* This is like the **Hello World** algorithm of the machine learning universe.  
* It may be one of the easiest of the lot to understand and use but it is by no means any less powerful.  
* Published in 1958 by Frank Rosenblatt, the **perceptron algorithm** gained much attention because of its guarantee to **find a separator in a separable data set.**  
* A perceptron is a function (or a simplified neuron to be precise) which takes a vector of real numbers as input and generates a real number as output.  
* Mathematically, a perceptron can be represented as:  
$$ y=f(w_{1}x_{1} + w_{2}x_{2}+ \cdots + w_{n}x_{n}+b)=f(w^{T}x+b)$$  
Where, $w_{1}, \cdots, w_{n}$ are weights, $b$ is a constant termed as bias, $x_{1},\cdots, x_{n}$ are inputs, and $y$ is the output of the function f, which is called the **activation function**.  

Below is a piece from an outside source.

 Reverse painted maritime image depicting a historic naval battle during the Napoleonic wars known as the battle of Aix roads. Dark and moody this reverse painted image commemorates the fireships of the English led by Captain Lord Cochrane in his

The algorithm is as follows:  
    1. Initialize weight vector $w$ and bias $b$ to **small random numbers**.  
    2. Calculate the output vector $y$ based on the function $f$ and vector $x$.  
    3. Update the weight vector $w$ and bias $b$ to counter the error.  
    4. Repeat steps 2 and 3 until there is no error or the error drops below a certain threshold.  
    
The algorithm tries to find a **separator** which divides the input into two classes by using a **labeled data set** called **the training data set** (the training data set corresponds to the experience E as stated in the definition for machine learning in the previous section). The algorithm starts by assigning **random weights** to the weight vector $w$ and the bias $b$. It then processes the input based on the function $f$ and gives a vector $y$. This generated output is then compared with the correct output value from the training data set and the updates are made to $w$ and $b$ respectively. To understand the weight update process, let us consider a point, say $p1$, with a correct output value of +1. Now, suppose if the perceptron misclassifies $p1$ as -1, it updates the weight $w$ and bias $b$ to move the perceptron by a small amount (movement is restricted by learning rate to prevent sudden jumps) in the direction of $p1$ in order to correctly classify it. The algorithm stops when it finds the correct separator or when the error in classifying the inputs drops below a certain user defined threshold.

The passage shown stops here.